Roberto Gargarella (Buenos Aires, 1964) advierte al antiguo proceso de acumulación de poder y de deterioro de los controles detrás de la praxis institucional que generó la novedad de la pandemia. A este jurista especializado en los derechos humanos y discípulo del gran pensador Carlos Nino le preocupa esa reacción porque, según dice, la historia enseña que conduce a errores y a abusos. Gargarella cita como ejemplo de ese impacto negativo el hecho de que las autoridades estén al margen de las restricciones de derechos que impusieron a la población, y se reúnan y vulneren el distanciamiento social. Y, cuando tiene que definir jurídicamente esta coyuntura, dice en una videoconferencia de Skype: “estamos viviendo en un estado de sitio de facto inaceptable en términos constitucionales”.

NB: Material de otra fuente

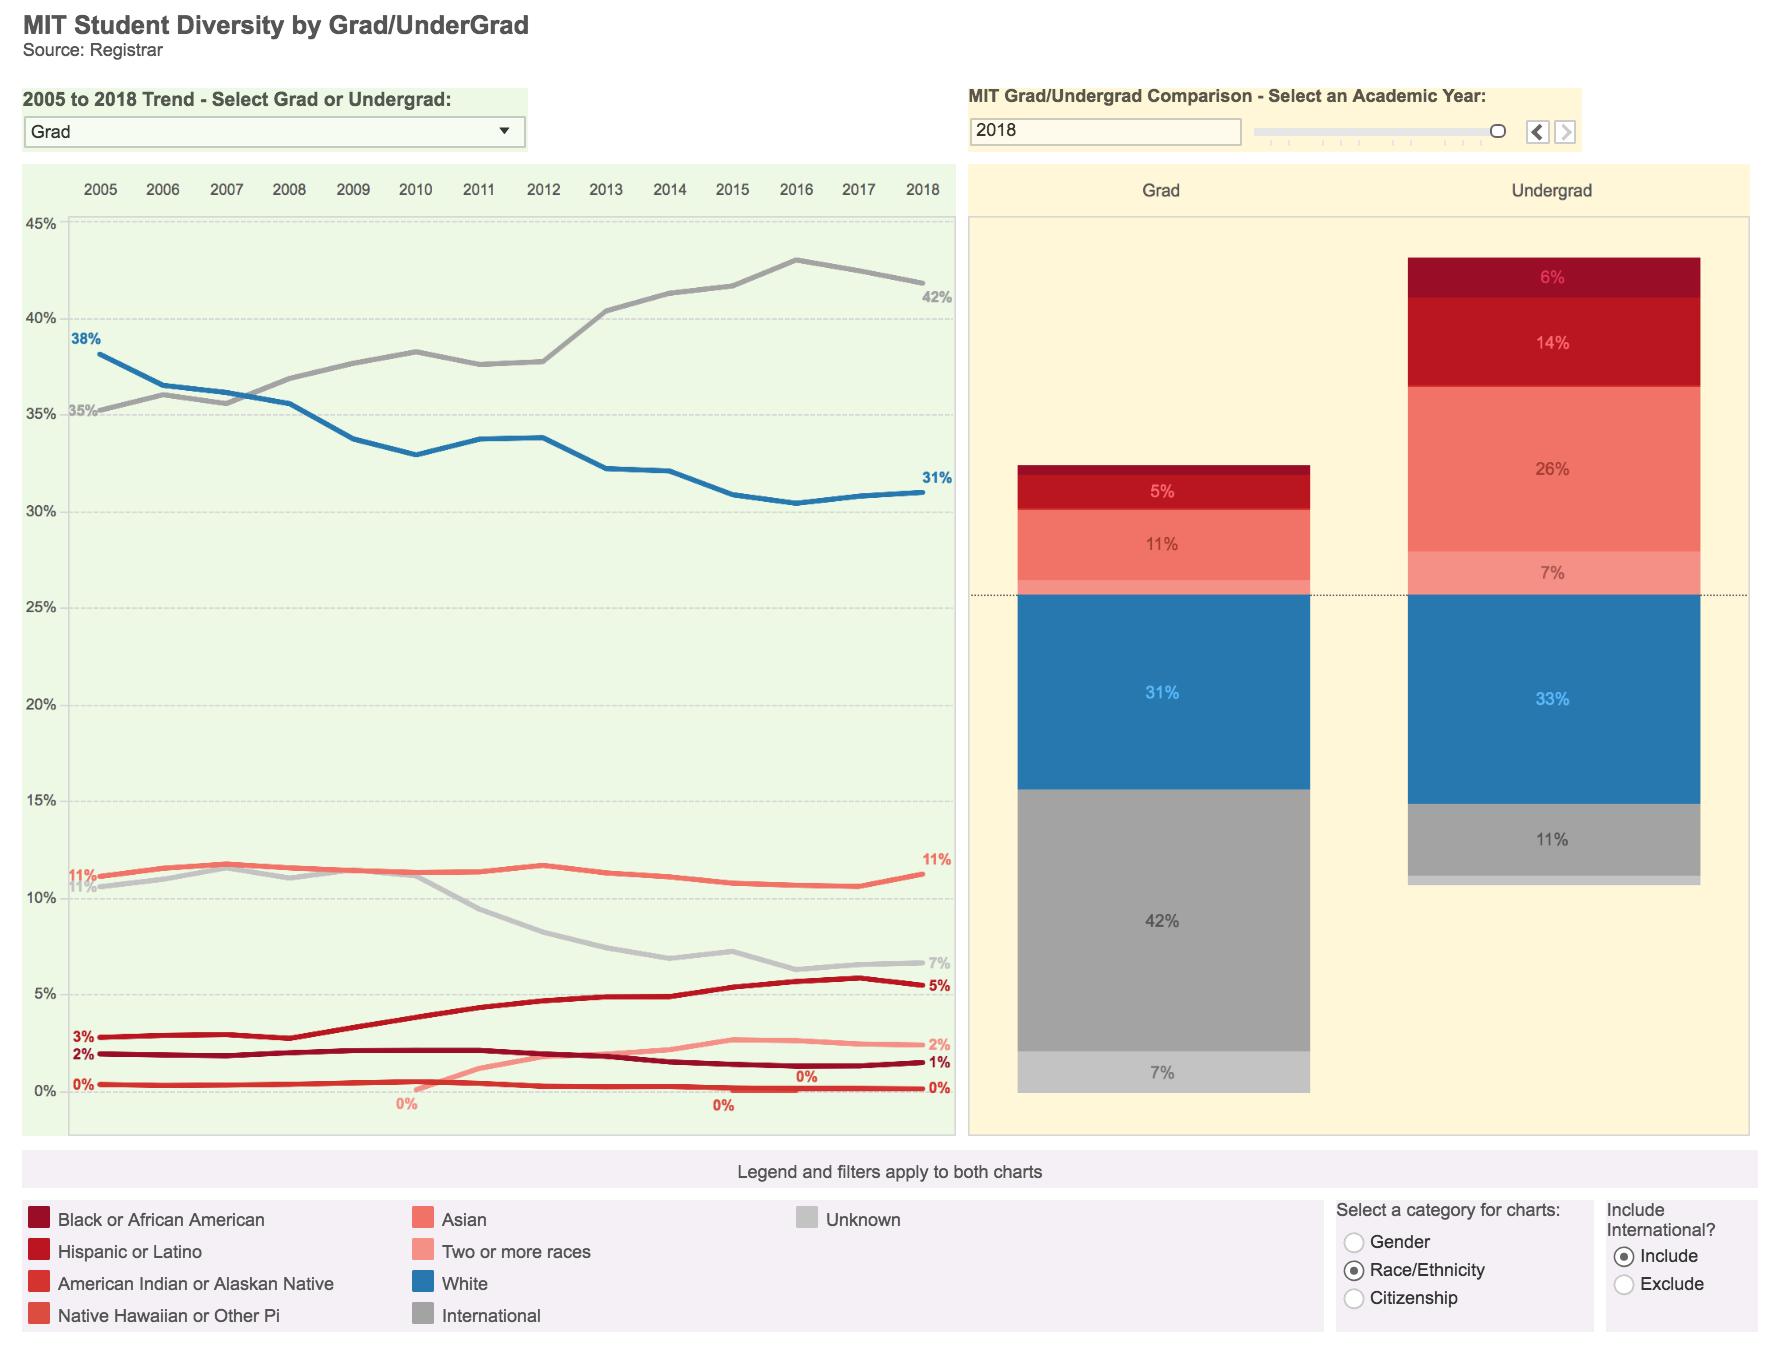 source: MIT Diversity Dashboard (http://web.mit.edu/ir/pop/diversity.html)

-¿Cómo llega a esa definición?
-En América Latina tenemos una historia de estados de sitio. Y creo que estamos viviendo uno de facto: esto no quiere decir que la limitación de derechos y el confinamiento no sean justificables, lo que digo es descriptivo, no valorativo, y es que ya vivimos muchas veces situaciones como estas donde aparecen las tres circunstancias que desarrollaré a continuación. Primero: restricciones de derechos fundamentales hechas de una manera que la Constitución no permite porque no se sigue el procedimiento de la sanción de una ley o de la declaración del estado de sitio. Segundo: un nivel alto de acumulación de poderes en el Presidente, que esta semana tuvo otra vuelta de tuerca con la concesión de atribuciones especiales al jefe de Gabinete. Y tercero: la monopolización del espacio público por parte de las fuerzas de seguridad. Estos tres datos configuran un estado de sitio de hecho.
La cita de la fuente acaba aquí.